* _Action item_
Report back each line of the data that contains the word "Sandoval".
##### Listed records
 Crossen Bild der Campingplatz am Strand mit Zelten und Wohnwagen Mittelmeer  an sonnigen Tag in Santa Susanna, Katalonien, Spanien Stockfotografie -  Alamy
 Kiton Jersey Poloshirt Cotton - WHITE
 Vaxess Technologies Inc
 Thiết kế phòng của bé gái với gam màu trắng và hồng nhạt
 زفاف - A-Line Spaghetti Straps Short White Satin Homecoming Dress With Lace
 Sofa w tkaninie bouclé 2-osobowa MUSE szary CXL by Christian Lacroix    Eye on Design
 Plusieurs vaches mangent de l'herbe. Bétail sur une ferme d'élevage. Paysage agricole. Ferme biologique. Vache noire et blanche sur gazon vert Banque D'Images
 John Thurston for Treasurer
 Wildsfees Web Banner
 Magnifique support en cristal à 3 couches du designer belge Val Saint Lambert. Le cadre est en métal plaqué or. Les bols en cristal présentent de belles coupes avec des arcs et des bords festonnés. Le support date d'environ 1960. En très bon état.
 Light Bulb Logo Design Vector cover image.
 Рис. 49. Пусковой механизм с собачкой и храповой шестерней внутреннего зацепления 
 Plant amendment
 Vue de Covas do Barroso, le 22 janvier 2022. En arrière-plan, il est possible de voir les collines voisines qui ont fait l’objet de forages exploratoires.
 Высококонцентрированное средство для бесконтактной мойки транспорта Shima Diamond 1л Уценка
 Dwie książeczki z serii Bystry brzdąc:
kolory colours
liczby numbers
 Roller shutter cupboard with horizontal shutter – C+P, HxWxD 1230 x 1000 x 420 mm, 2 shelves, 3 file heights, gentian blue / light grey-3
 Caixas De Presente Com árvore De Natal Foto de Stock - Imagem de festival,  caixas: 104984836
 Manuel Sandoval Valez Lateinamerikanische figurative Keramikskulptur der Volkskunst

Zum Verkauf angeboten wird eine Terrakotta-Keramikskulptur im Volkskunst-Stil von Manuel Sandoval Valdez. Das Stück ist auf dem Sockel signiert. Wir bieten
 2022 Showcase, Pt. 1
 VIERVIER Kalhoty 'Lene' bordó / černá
##########
* _Solution_
 Manuel Sandoval Valez Lateinamerikanische figurative Keramikskulptur der Volkskunst
Zum Verkauf angeboten wird eine Terrakotta-Keramikskulptur im Volkskunst-Stil von Manuel Sandoval Valdez. Das Stück ist auf dem Sockel signiert. Wir bieten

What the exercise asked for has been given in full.